I have learned that church has two diametrically opposite meanings within black and white societies. For the black community in America, since the early 19th century, church came to personify a refuge, a place of spiritual sustenance and succor. It was a foundation of perseverance that allowed black men and women to face their days dealing with bigotry, discrimination, hatred, and injustice. The black church also cultivated a robust demand for social change, which even in my days of being an angry, young rebel, I could not deny.
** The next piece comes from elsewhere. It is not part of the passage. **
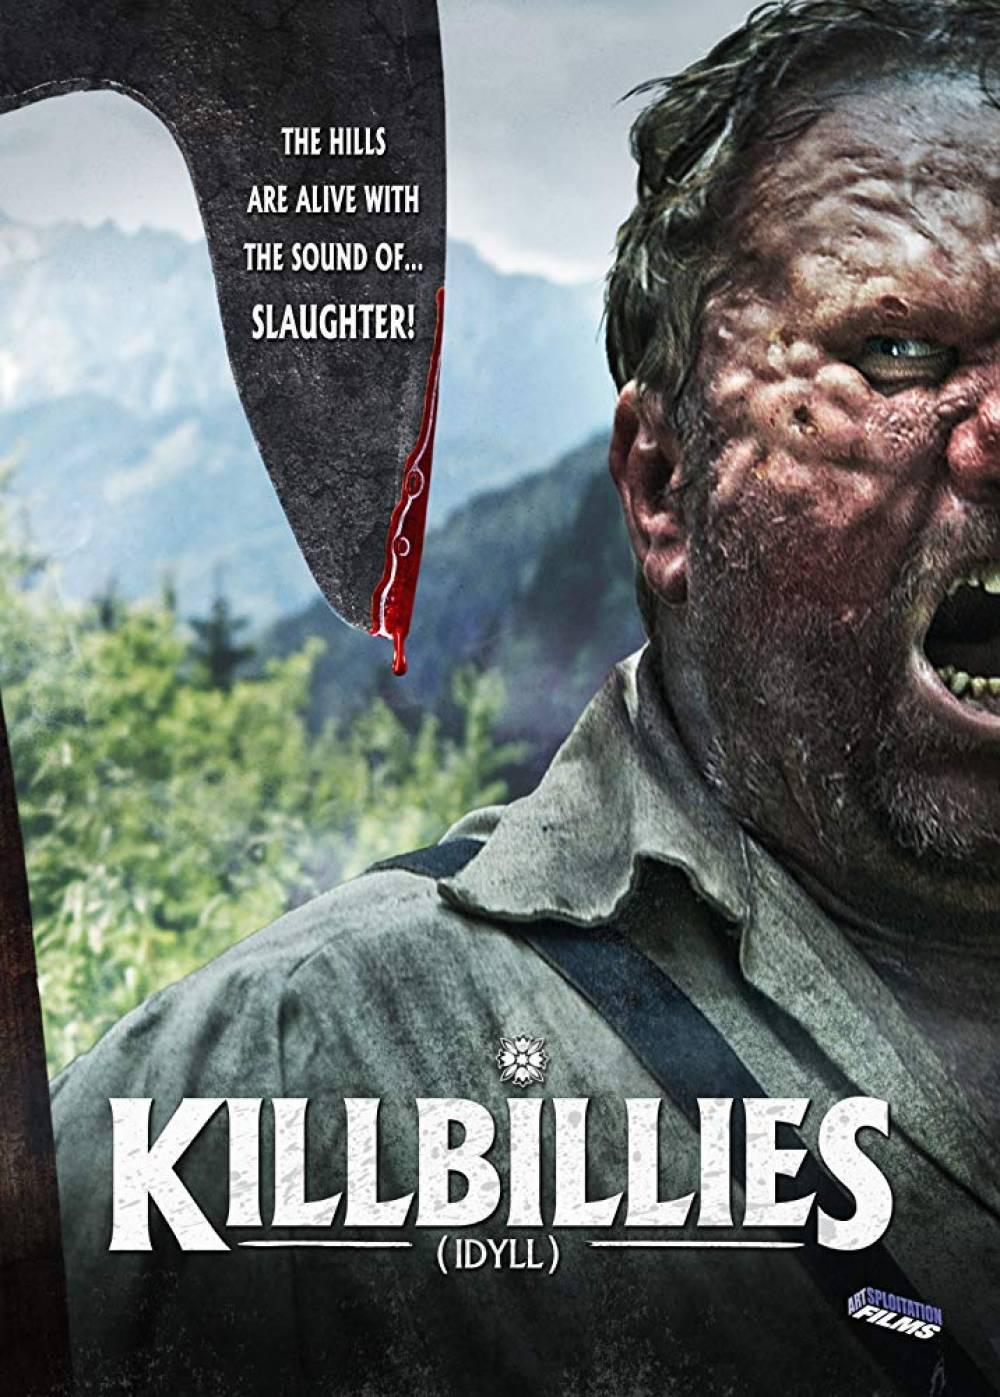 Killbillies (aka: Idyll)
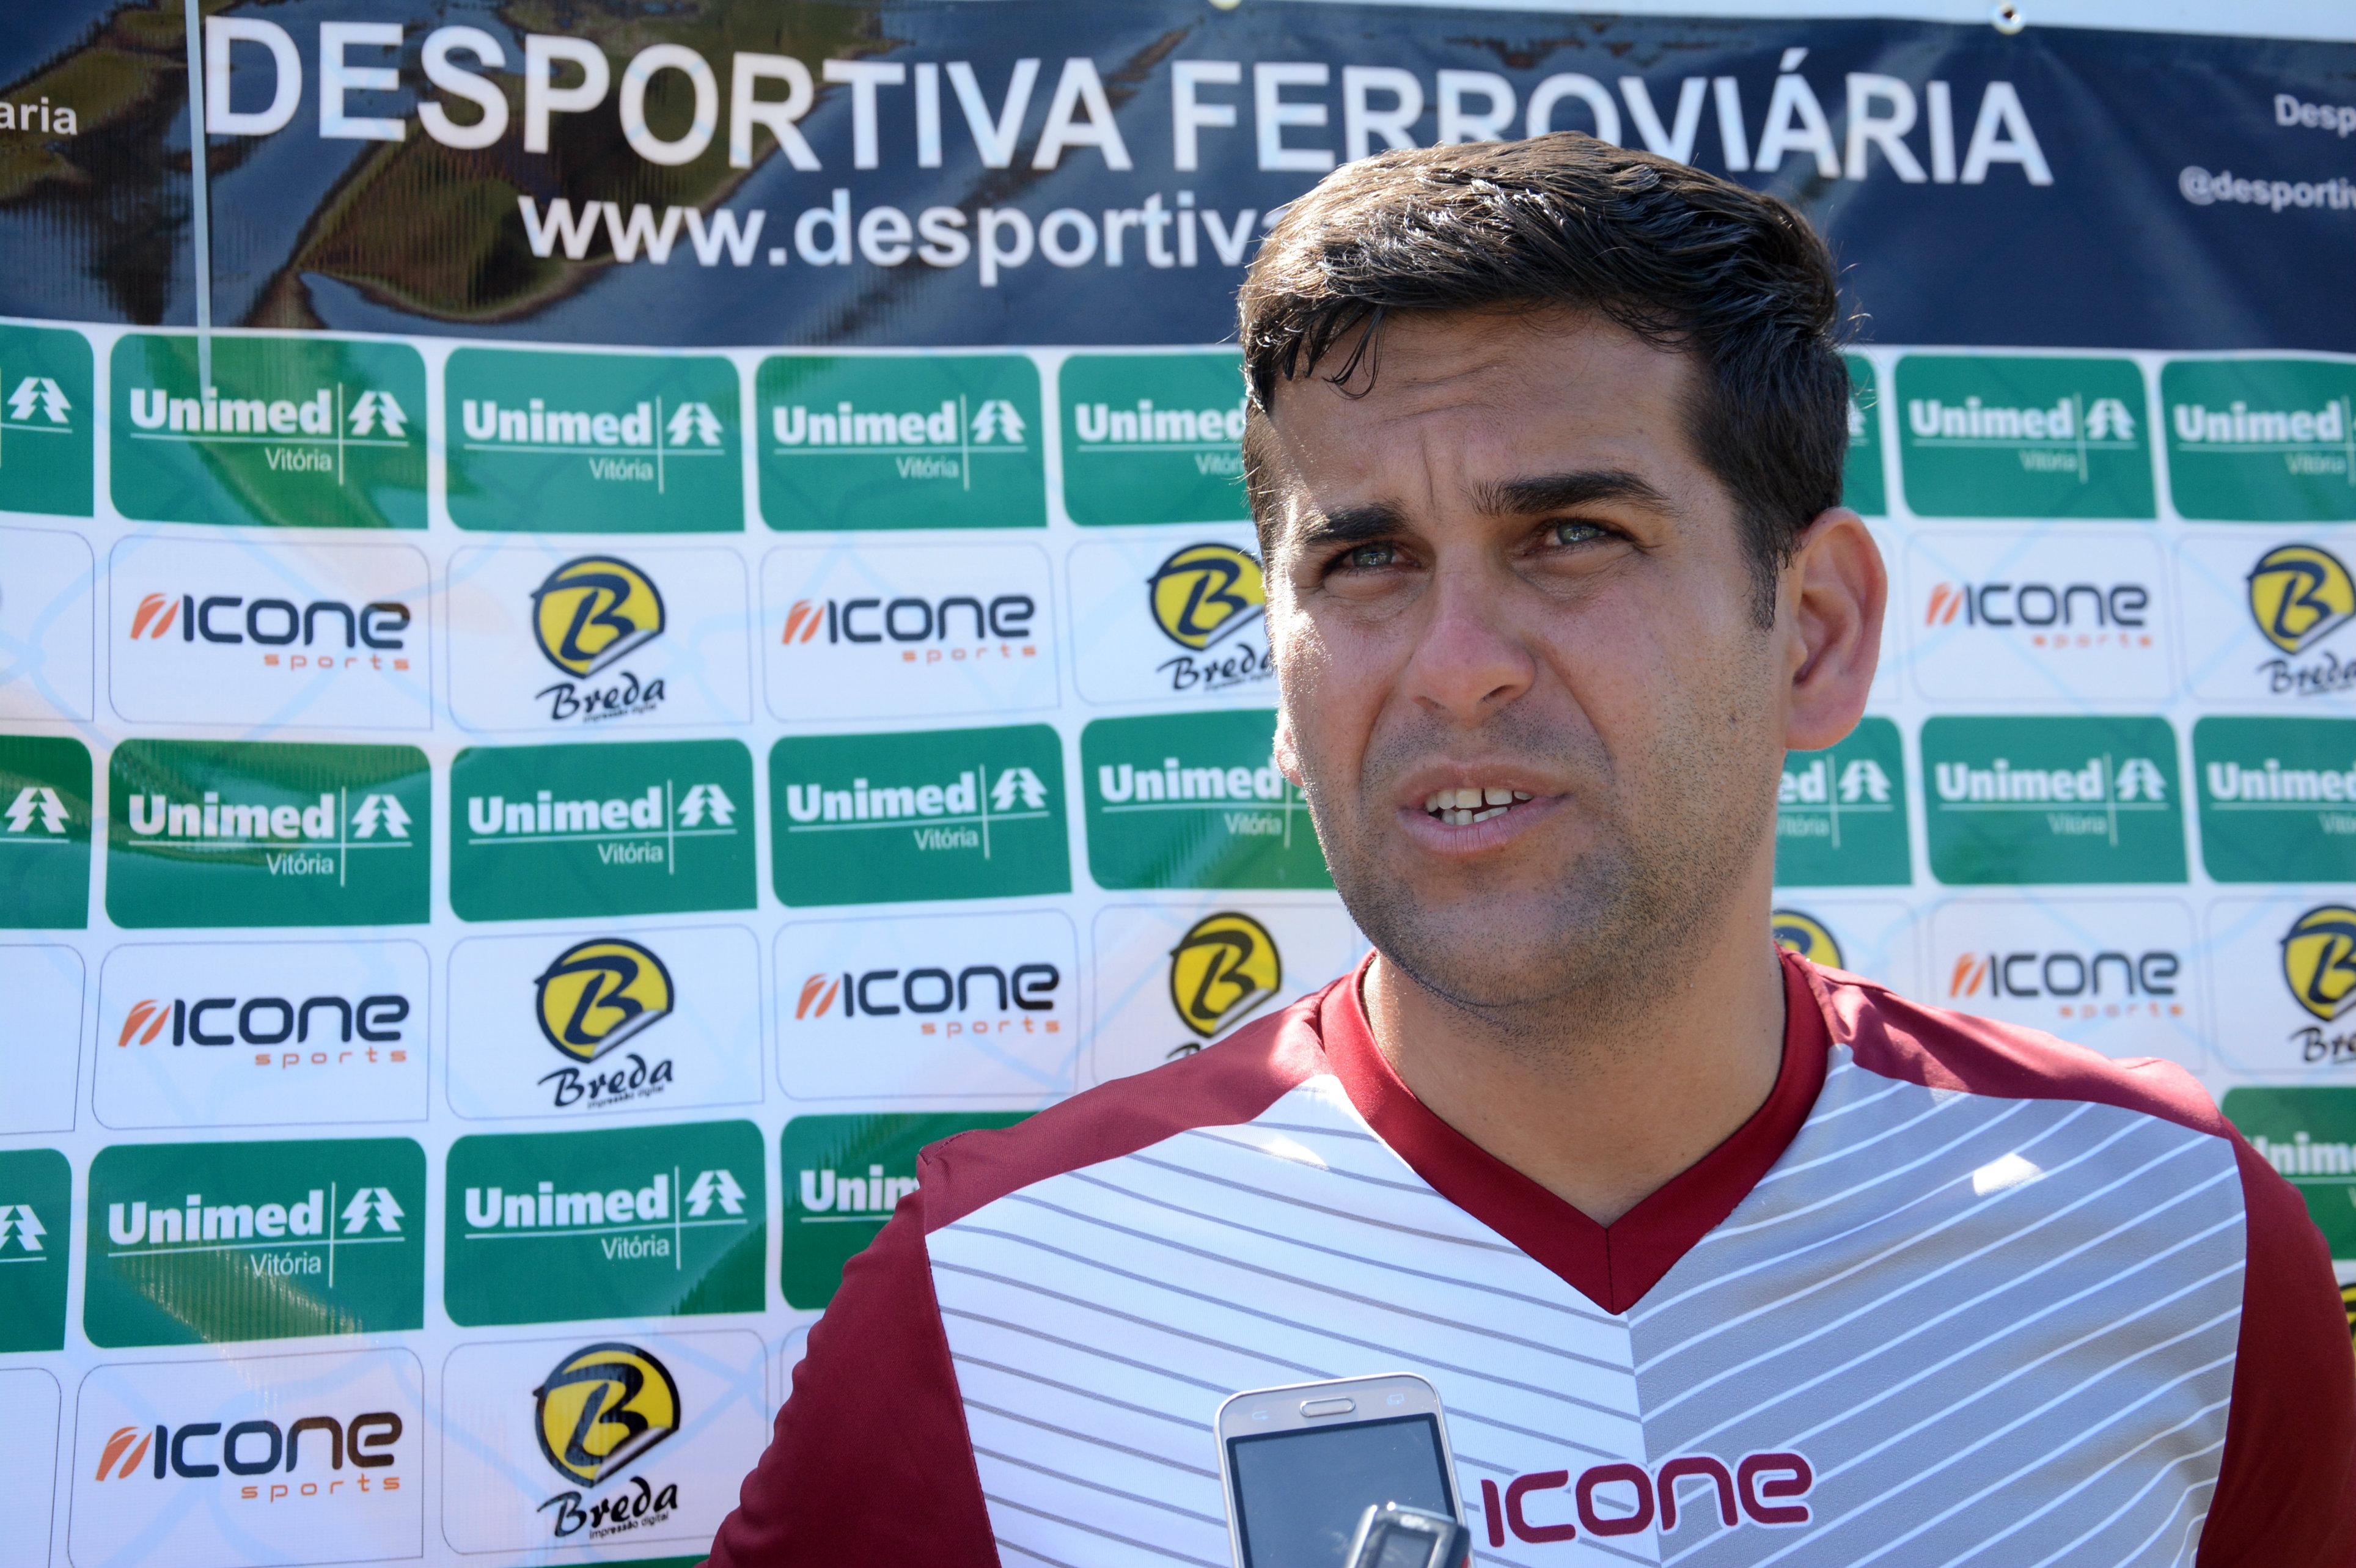 Rafael Soriano, técnico da Desportiva. Crédito: Henrique Montovanelli/Desportiva Ferroviária

For white America, church is seen differently. It is a place to celebrate the success of life. Church is a joyous reveling for the fortunate in what God has done for them. It seemed eager to embrace glib political jargon and to conflate the doctrines of Christianity with a vague Americanism. At a Southern Baptist church where I led Thursday Bible study, it wasn’t uncommon to hear the word “socialist” precede or follow “Obama.” Church isn’t about injustice, because the people raising their hands to thank God for Donald Trump probably never had to face it.
The white evangelical church today now seems to me like a cruise ship with a mad captain at the helm. The passengers are dancing and partying as the band plays, totally oblivious to an oncoming catastrophe. The captain told them that the food would be exquisite, the help would be impeccable, the slot machines would ooze money even when you walked by them on your way to get drinks. But they don’t see the holes in the ship. They miss the small ones naturally, but even the bigger holes strangely elicit no cause for concern.
The evangelicals who voted for Trump effectively discarded the chapters of the Bible that extolled patience, love, forgiveness, peace, care for the poor and suffering, and replaced them with pamphlets for guided tours of the Wall, white nationalist jargon, and juvenile vitriol. They have gained the uncanny ability to campaign against “snowflakes,” following up a heartless bigoted statement with a profession of faith or a selective Biblical verse.
It looks and feels awful. So awful that I have effectively divorced myself from the evangelical church. I don’t consider myself a part of it, because the 2016 election highlighted the fact that the people I considered my brothers and sisters in Christ truly never saw me as such.
I wonder if I should even go to church anymore. The unease I feel as heads are bowed to pray for the president that called neo-Nazis “fine people,” used an obscenity to describe African and Caribbean nations, and has never objected to the backing of the KKK is just too much. Despite my absence and feelings of brokenheartedness, white evangelical churches across this country are gleeful with self-congratulated accomplishment as they thank God for Donald Trump, while people like me are excluded and the faith they hold dear is dragged through the mud in the eyes of the world.
A scripture from the Gospel According to Mark keeps returning to me: “For what shall it profit a man, if he shall gain the whole world, and lose his own soul?”